SYDNEY (Reuters) - Australia's Westpac Banking Corp agreed on Thursday to pay a record A$1.3 billion ($920 million) fine to settle a lawsuit accusing it of enabling millions of payments to people exploiting children, closing off its darkest chapter.

Ten months after financial crime agency AUSTRAC dropped the bombshell lawsuit, the second-largest Australian lender said the parties agreed on a payout for allowing illicit payments to continue for years, plus 76,000 additional breaches discovered once legal proceedings had started.

"We are committed to fixing the issues to ensure that these mistakes do not happen again," Westpac Chief Executive Peter King said in a statement.

AUSTRAC said the settlement showed it would do whatever was necessary to stop criminals from exploiting the Australian financial system.

"Our role is to harden the financial system against serious crime and terrorism financing, and this penalty reflects the serious and systemic nature of Westpac's non-compliance," AUSTRAC Chief Executive Nicole Rose said in a statement.

The payout exceeds the A$900 million Westpac said it was setting aside for the lawsuit in April, and dwarfs a A$700 million fine against larger rival Commonwealth Bank of Australia when it admitted to allowing thousands of payments between money launderers in 2018.

In court documents published on Thursday, AUSTRAC said Westpac had raised the number of customers suspected of making illicit payments from 12 to 260 after widening its monitoring from the Philippines to all of Southeast Asia and Mexico.

Attorney General Christian Porter called the bank's initial settlement offer "totally inadequate" and said Thursday's fine "more properly reflects ... acceptance of the fact that these represent some of the greatest failures of a corporate entity in Australia's history to abide by Australian law."

FALLOUT

The settlement comes at a fraught time for Australian banks in general, with a powerful inquiry last year accusing the industry of rampant fee-gouging and predatory sales tactics to inflate bonuses.

Banks now must tread the sensitive path of getting thousands of borrowers to pay their mortgages again after offering loan holidays tied to government-ordered shutdowns to fight the pandemic.

The payout will trim Westpac's capital ratio - the money it is required to keep on hand compared with its loan book - by about 0.11% to 10.7% and could result in dividend cuts when the bank reports full-year profit in November, analysts estimate.
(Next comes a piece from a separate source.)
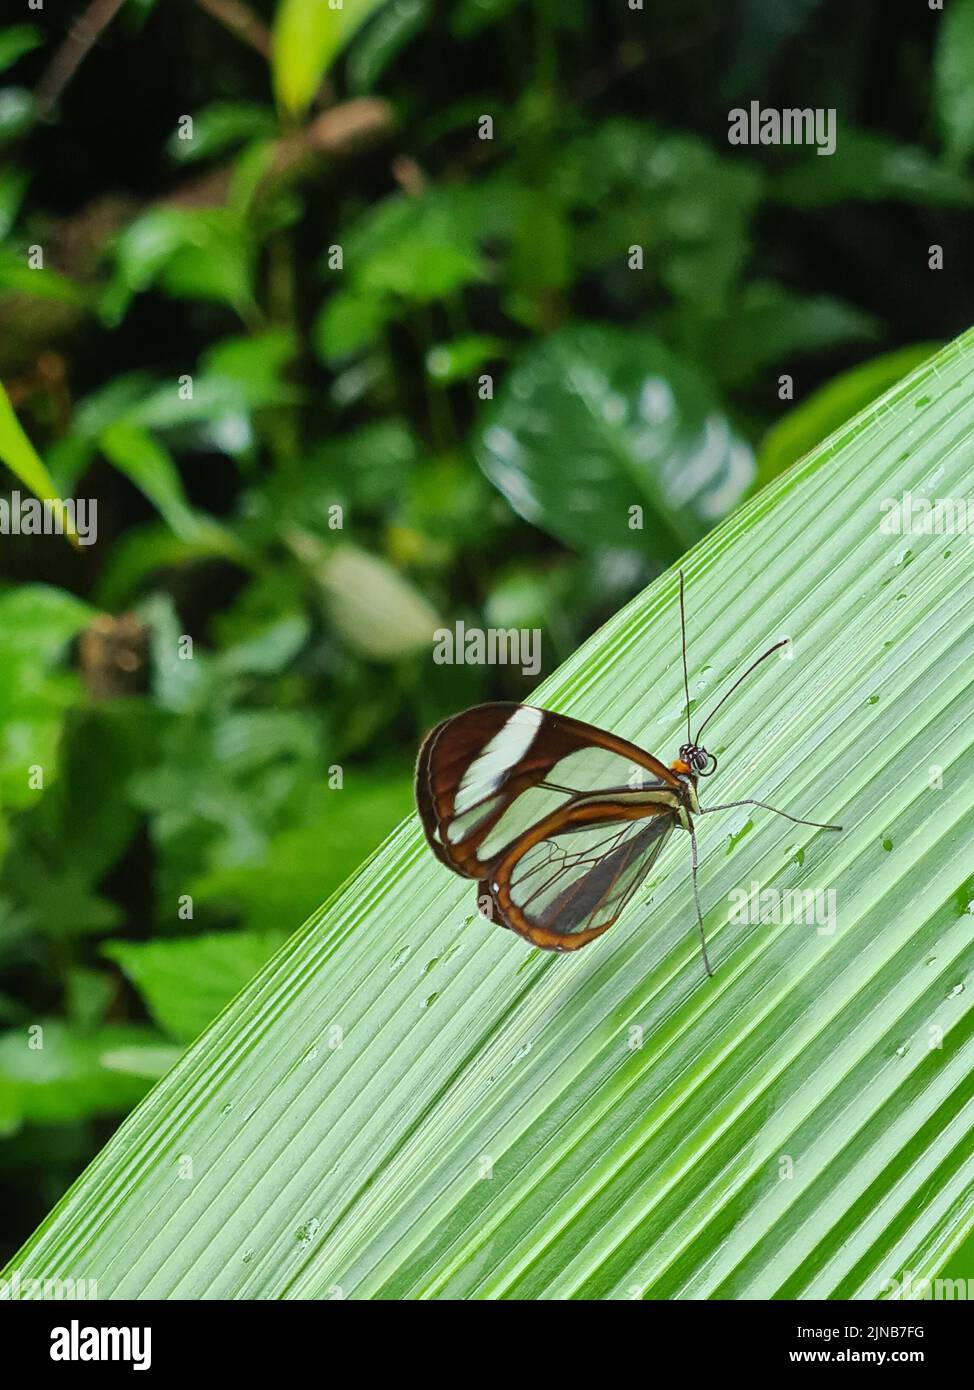 Mariposa marrón con alas transparentes sentada sobre una hoja verde sobre un fondo natural borroso Foto de stock

Last month, Westpac became the only Australian bank to cancel its half-year dividend, citing rising default risks because of the virus.

Westpac shares were down 1.5% in morning trading, in line with other banks, while the broader market <.AXJO> dipped 1% on concerns about the effect of global virus-related shutdowns.
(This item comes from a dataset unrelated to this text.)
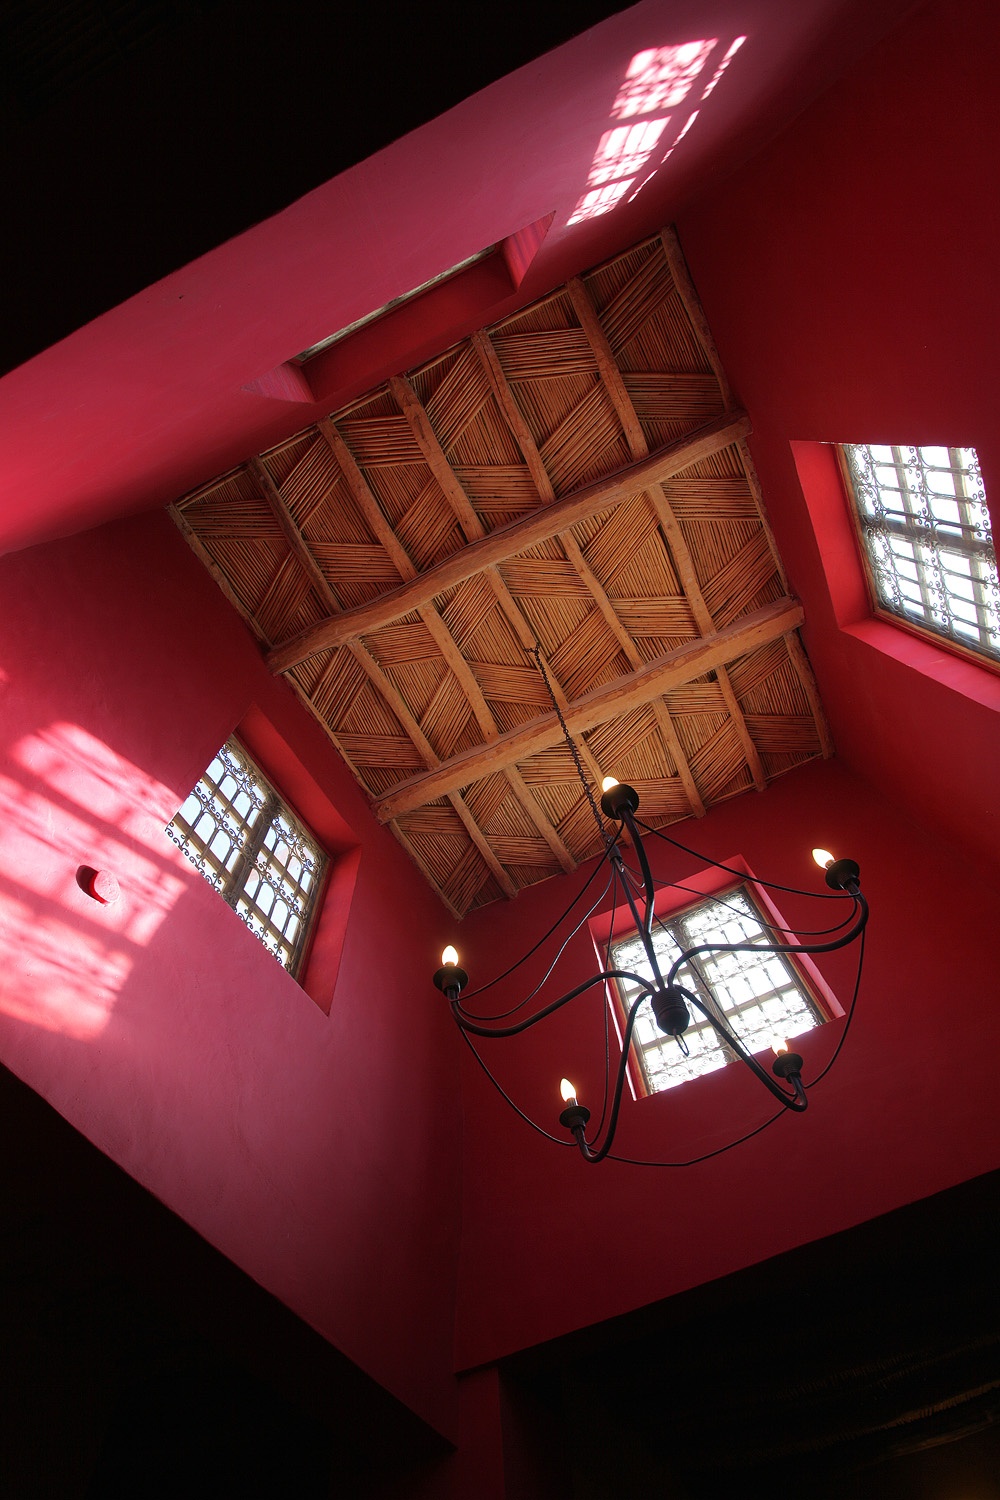 bill-hocker-dining-room-kasbah-ait-ben-moro-skoura-morocco-2013

JPMorgan analysts said Westpac's oversight gaps may have been related to "significant complexity of Westpac's IT systems, which we think will continue to hamper its cost growth outlook... and likely requires further investment to fix".

Bell Potter analyst TS Lim said the fine resolved most of Westpac's ongoing legal issues related to the illicit payments and "provides a lot more certainty for them going forward".

"Plus it's hard to run a bank during COVID, so that's one less distraction for Peter King," Lim added.